Whatever the differences in these proposed approaches, these states are agree on one key thing: Fully autonomous weapon systems must never be developed or used. From the Campaign’s perspective, a legally binding ban is the best option. This has proven—through bans on biological, chemical, and nuclear weapons, as well as landmines and cluster munitions—to be the best way to stigmatize weapons socially and politically. A legal prohibition is also necessary to involve related industries to ensure against misuse of relevant materials and technologies. In 1995, the CCW preemptively banned blinding laser weapons, showing that the forum can take action before a weapon system is developed if there is the political will to do so.

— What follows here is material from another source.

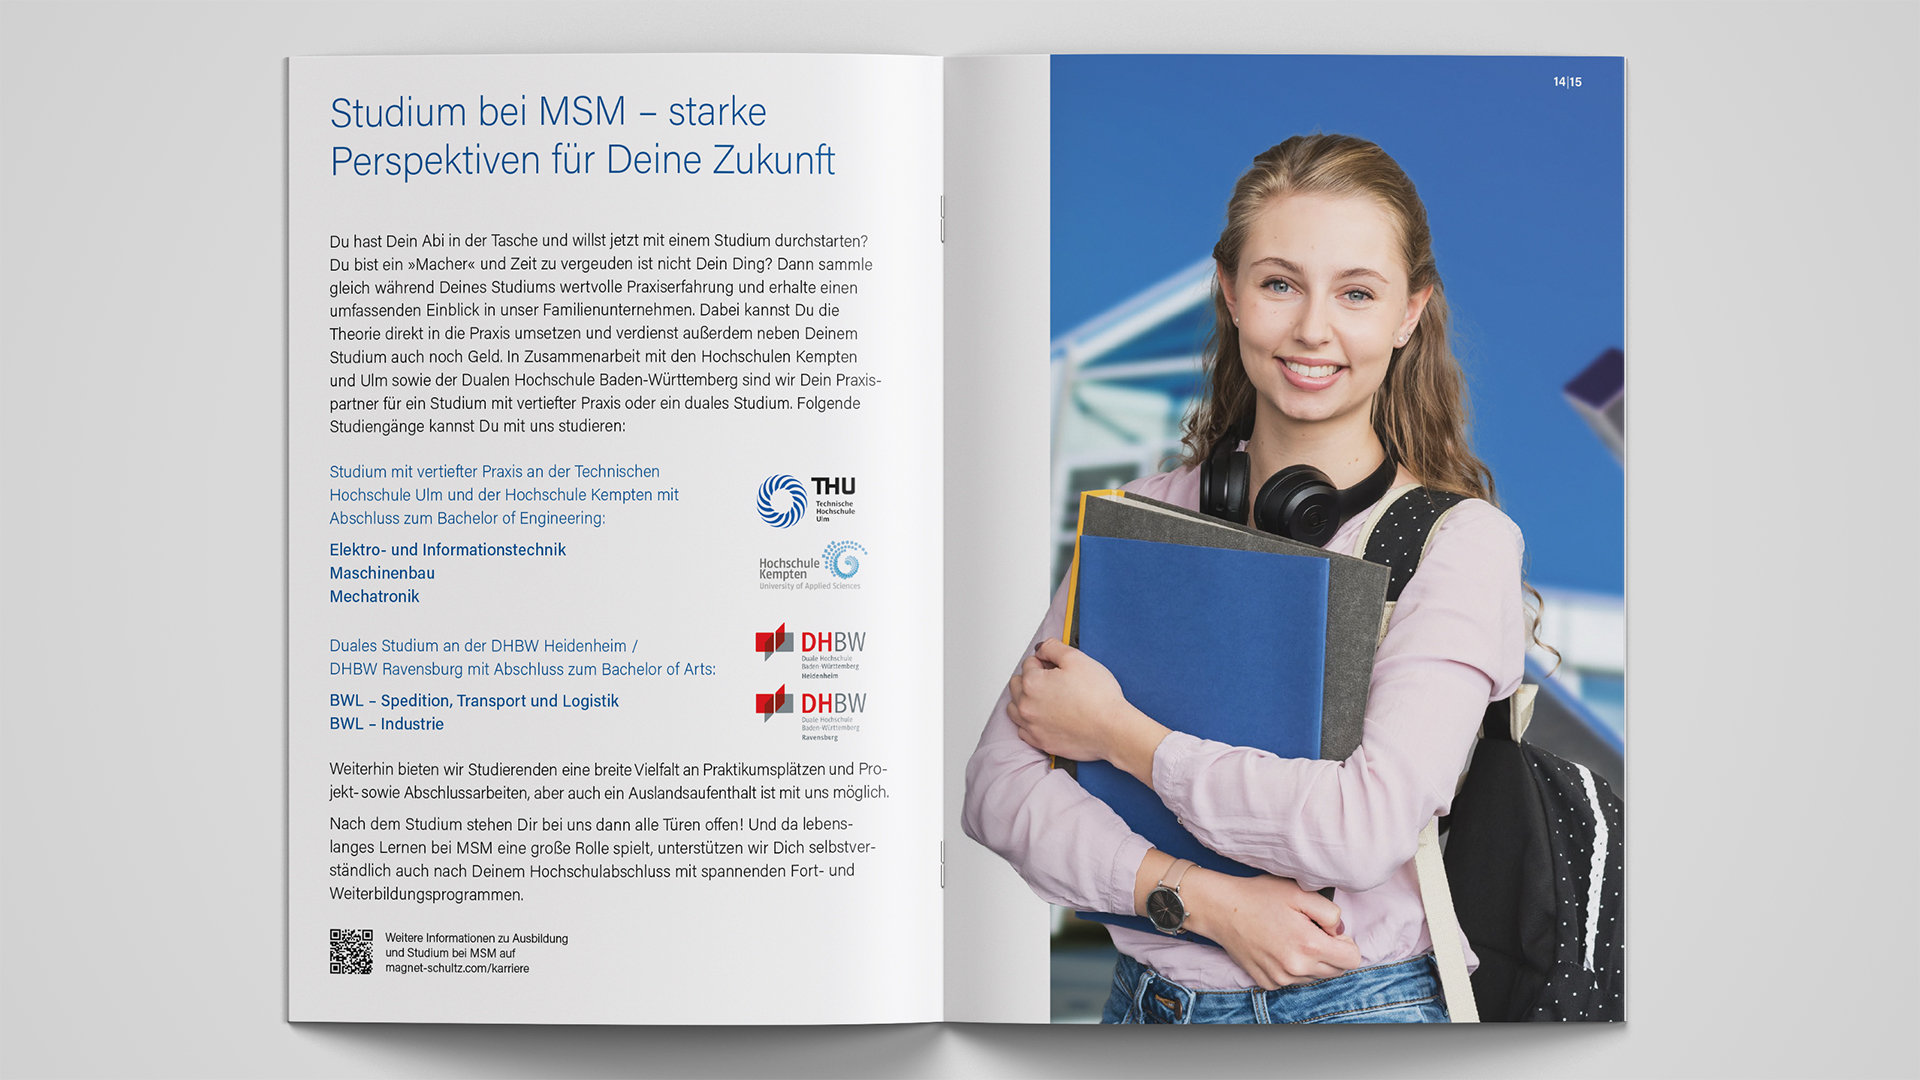 Moderne Ausbildungsbroschüre für Magnet-Schultz GmbH & Co. KG in Memmingen von der Designagentur das formt aus München

Thousands of scientists and artificial-intelligence experts have endorsed the prohibition. In July 2018, they issued a pledge not to assist with the development or use of fully autonomous weapons. Four thousand Google employees recently signed a letter demanding their company cancel its Project Maven contract with the Pentagon, which was geared toward “improving” drone strikes through artificial intelligence. Twelve hundred academics announced their support for the tech workers. More than 160 faith leaders and more than 20 Nobel Peace Prize laureates back the ban. Several international and national public-opinion polls have found that a majority of people who responded opposed developing and using fully autonomous weapons.
But a tiny handful of states are opposed to legally binding or political responses to the threats posed by autonomous weapons. The United States has argued that governments and civil society must not “stigmatize new technologies” or set new international standards, but instead work to ensure the “responsible use of weapons.” Together with Australia, Israel, Russia, and South Korea, the United States spent the latest CCW meeting in August 2018 arguing that any concrete action is “premature,” and demanded that the CCW spend next year exploring potential “benefits” of autonomous weapon systems. Unfortunately, the CCW operates on the basis of consensus, which is interpreted to require unanimity. This means that these five countries were able to block any moves to stop the development of these weapons.

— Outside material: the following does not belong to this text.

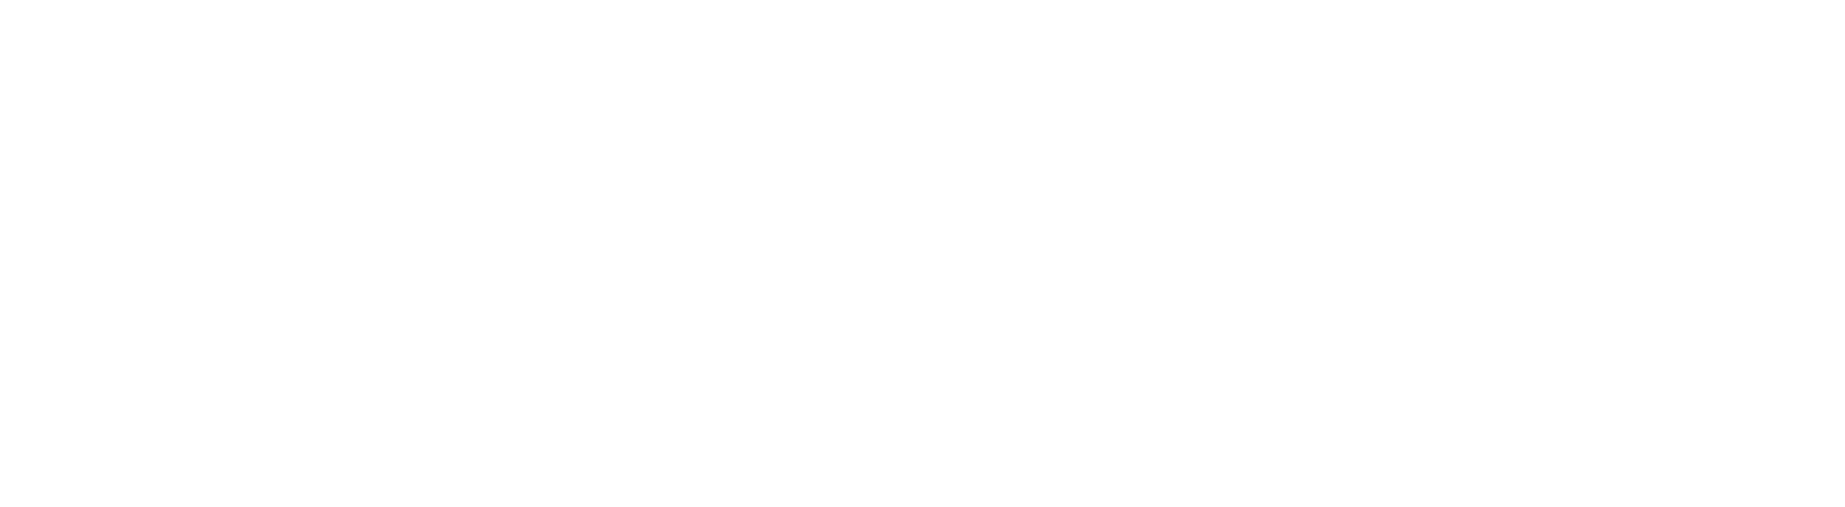 XMII CONSULTING | Digital Manufacturing

This manipulation of consensus-based forums is rife in the UN system. It has led to deadlock on many disarmament and arms-control issues over the past 20 years. Right now, the recommendation in the CCW is to simply extend discussions for another 10 days in 2019. This hardly meets the urgency of the problem or the pace of technological development.
Governments need to decide soon what they want to do. Will the majority allow a handful of countries to careen us into a dystopian nightmare? Or will the majority of governments work together to develop new laws now, even without the support of the handful of states that want to build killer robots?

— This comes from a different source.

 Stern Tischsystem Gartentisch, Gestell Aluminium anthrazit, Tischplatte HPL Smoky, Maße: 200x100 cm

At the end of the day, the ask is simple: Weapons must be under human control. We already experience far too much violence among human beings. How can we risk further automating this violence? Fighting to retain human control over violence is not just about preventing mechanized death and destruction; it’s also about calling ourselves to account for the violence we already perpetuate. Maybe this can be a wake-up call for us all—one that we would do well to heed now, before it’s too late.